Outcomes and predictors of survival in testicular sarcomas.

Abstract

404 Background: Testicular sarcomas represent less than 1% of all testicular tumors in adults. Because of their rarity, little is known about the features and outcomes of these tumors. We present an analysis of the prognosis and survival predictors in patients with testicular sarcomas from the Surveillance, Epidemiology, and End Results Program (SEER). Methods: Using the SEER registry, we identified adults with testicular sarcomas between 1980 and 2013. Cases were identified using a combination of ICD-O-3 site and histology codes. The JMP and SEER*STAT 8.3.2 were used for statistical analysis. Overall survival (OS) was analyzed using the Kaplan-Meier method. The prognostic effect of variables was studied using Cox proportional hazards models. Results: We identified 264 patients with testicular sarcomas with a median follow-up time of 9.2 years.
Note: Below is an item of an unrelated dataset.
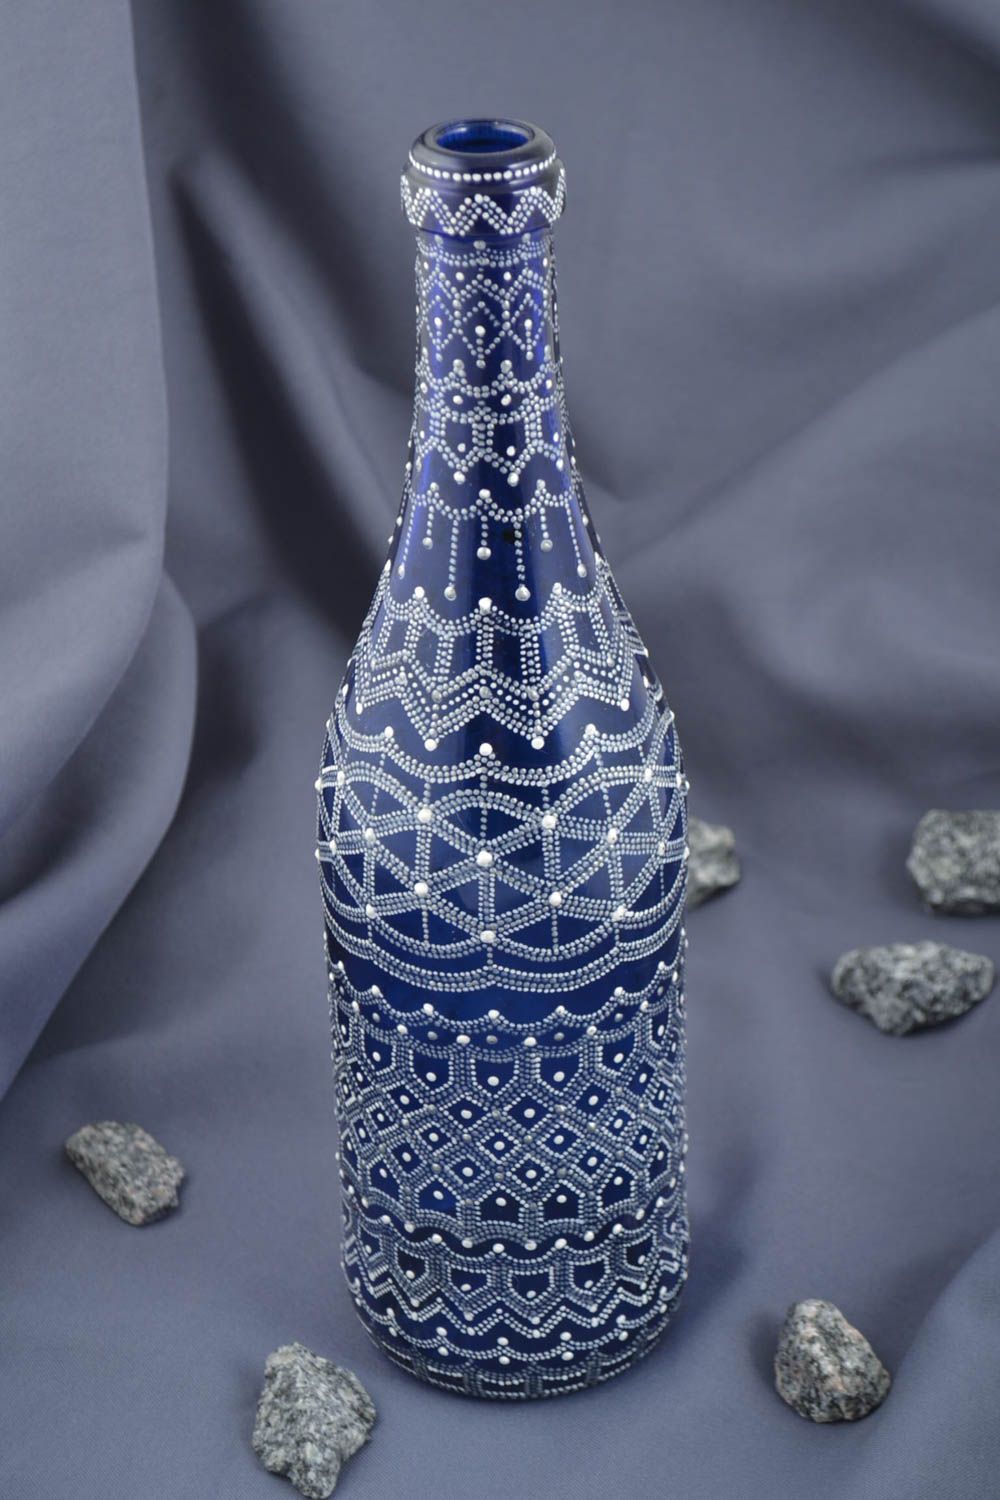 Бутылка стеклянная посуда ручной работы бутылка с росписью оригинальная фото 1

The median age at diagnosis was 55 years (range 15-94) and the median tumor size was 6.6 cm (range 0.7-45). 20% of patients with documented staging presented with de novo metastatic disease. Rhabdomyosarcomas were the most common histology (37%). The median OS was 129 months (95%; CI 85-180). OS rates at 1 year and 5 years were 85% and 62% respectively. 53% of deaths were related to cancer. 1-year OS rates for localized, locally advanced and metastatic disease were 91%, 93% and 53% (P<0.0001). Variables that were significant for survival in univariate analysis included age, histology, stage, and surgical resection. Factors that negatively affected survival in multivariate analysis were age >55 years (HR 2; 95% CI, 1.1-3.7), advanced stage (HR 4.8; 95% CI, 2.7-8.4) and surgical unresectability (HR 3.7; 95% CI, 1.1-9.3). Patients with rhabdomyosarcoma had favorable outcomes compared to other histologies (59% vs 17% alive at 10 years, P=0.01). Conclusions: Testicular sarcomas are rare entities with overall good prognosis after surgical resection. Patients presenting with distant metastases, however, have worse outcomes with only about 50% of the patients alive at 1 year. Rhabdomyosarcomas are the most common histology encountered and have relatively better survival. Younger age, earlier stage and surgical resection are factors associated with significantly better outcomes.